Marty, you speculate that the government is breaking this down into two stages. A first computer uses a wide initial filter to identify foreign calls. Next, a second computer filters through that database for suspicious calls and e-mails that might contain terrorist communications. If you're right, wouldn't the desirability of the program hinge on those filter settings? Imagine the filters at both stage are perfect. The data-mining passes on only calls and e-mails involving terrorists discussing their plans. Wouldn't that be pretty much ideal? It seems to me that we get uncomfortable only when the filter settings are lousy. The worse the filter, the more innocent people are being watched. So, again, can we really evaluate the program without knowing the filter and how accurate it is?

David raises a really cool constitutional question: How can the government filter through all that traffic and still make the search "reasonable" under the Fourth Amendment? It can because the filter setting determines the legality of the screening. For example, if the filter is set so that it doesn't collect any contents of communications, it wouldn't be a Fourth Amendment search at all. That's what the 9th Circuit held recently in United States v. Forrester: Monitoring at an ISP that collects only noncontent information doesn't trigger Fourth Amendment protection.

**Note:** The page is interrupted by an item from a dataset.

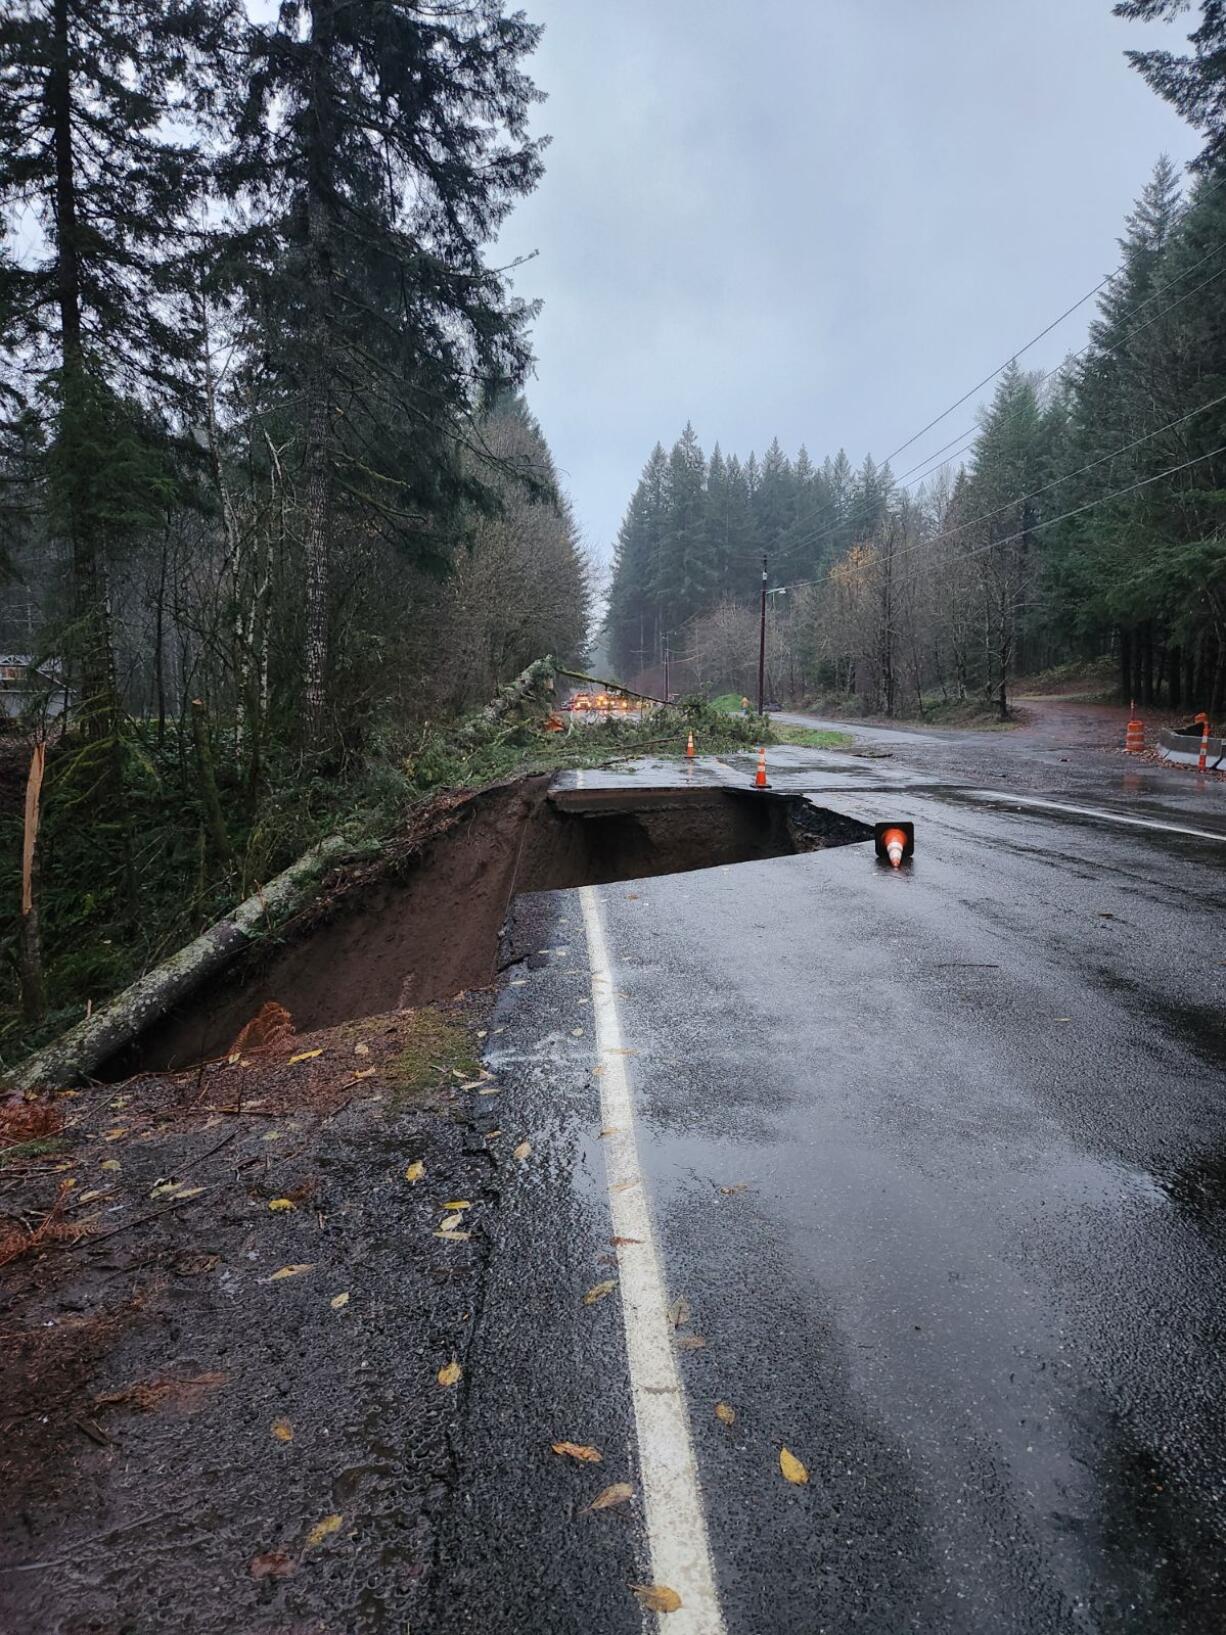 Lewis River Highway closed to traffic in both directions near Cougar on Tuesday after a landslide damage the road.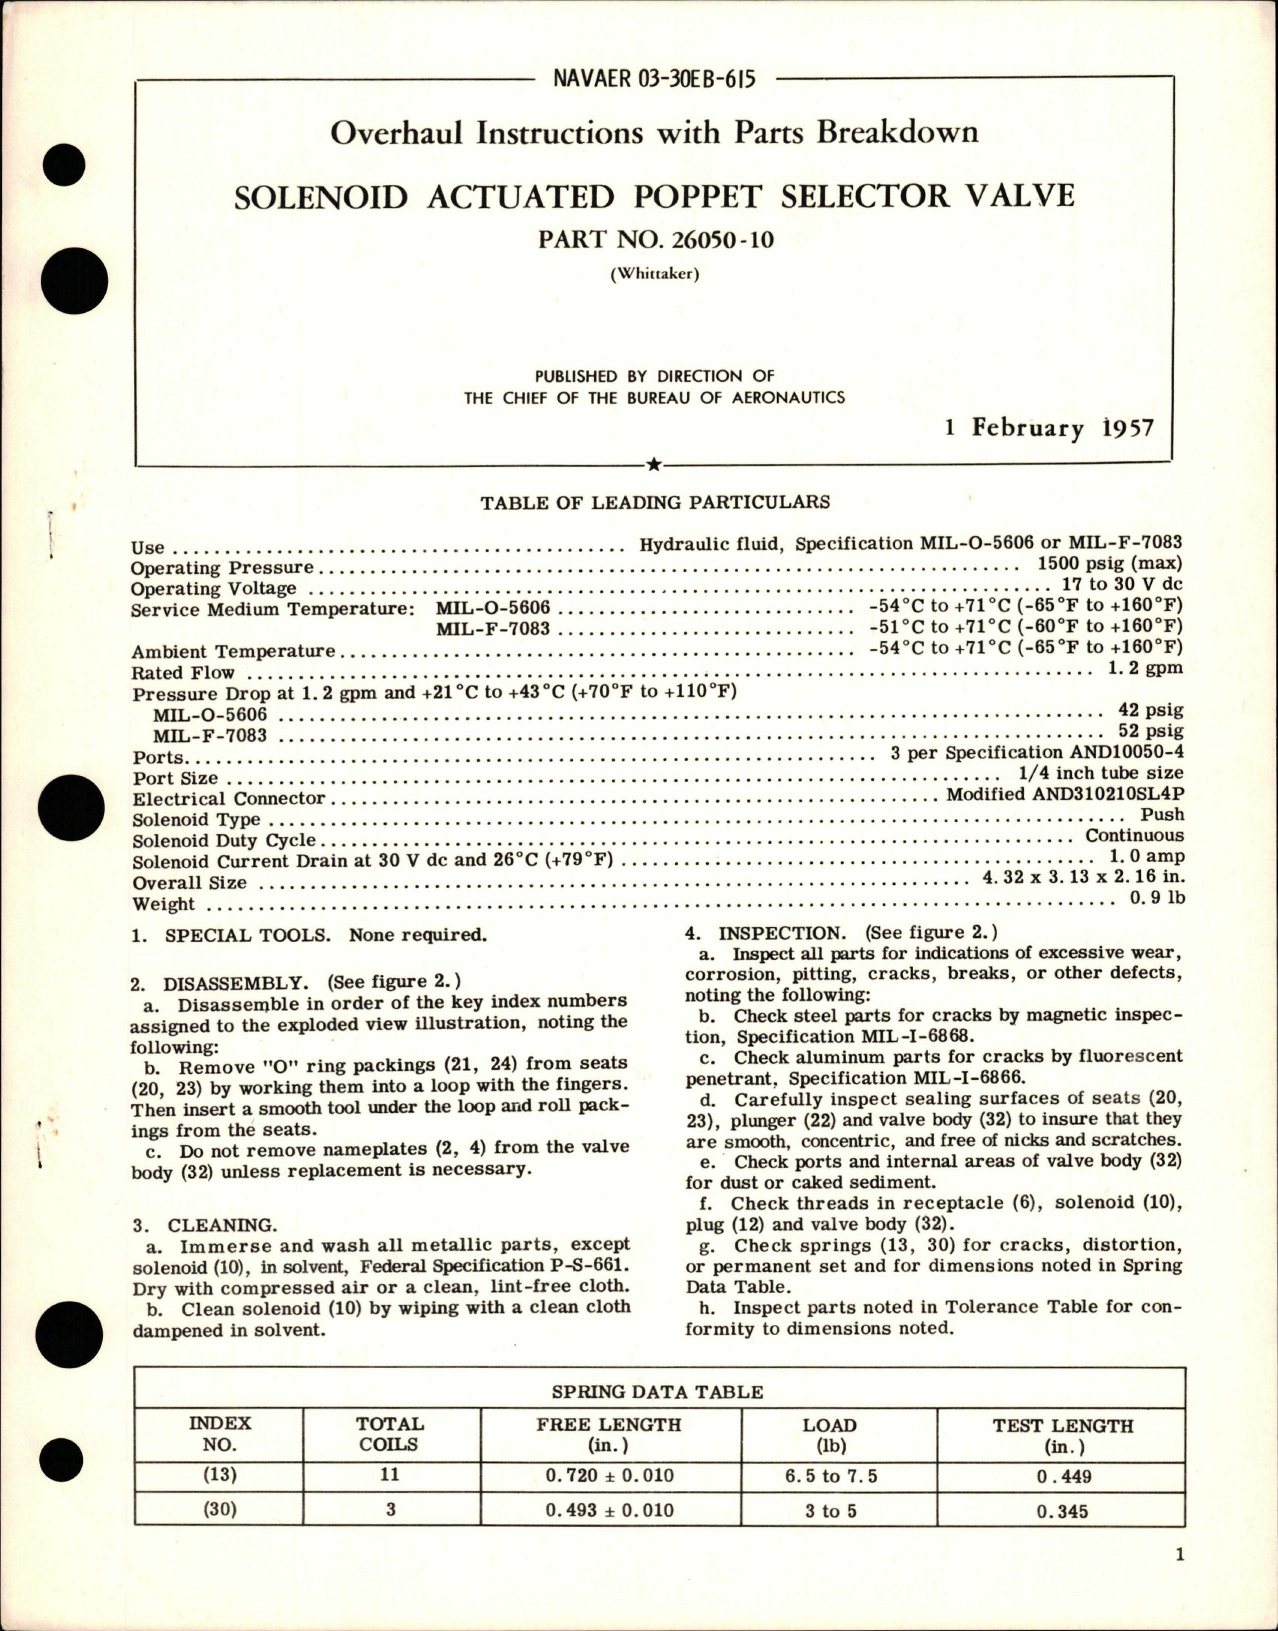 Sample page 1 from AirCorps Library document: Overhaul Instructions with Parts Breakdown for Solenoid Actuated Poppet Selector Valve - Part 26050-10

The same idea applies when the government targets content. The issue is how the filter is set and what the monitoring collects. This came up in United States v. Scarfo, a New Jersey case from 2001. In that case, the government obtained a warrant and installed a keystroke-monitoring device on the computer of a New Jersey Mafia boss, Little Nicky Scarfo. The monitoring revealed the boss's encryption pass phrase, letting the government decrypt his private files and use the evidence against him. Scarfo argued that the warrant was an illegal general warrant because it let the government screen every single keystroke he typed.

But the judge disagreed with Little Nicky. He ruled that the legality of the monitoring depended on what the government was looking for, rather than what information passed through the filter. The same idea applies to monitoring over communications networks. So long as the filter setting is reasonable, the search should be reasonable.

As I said, it's all about the filters.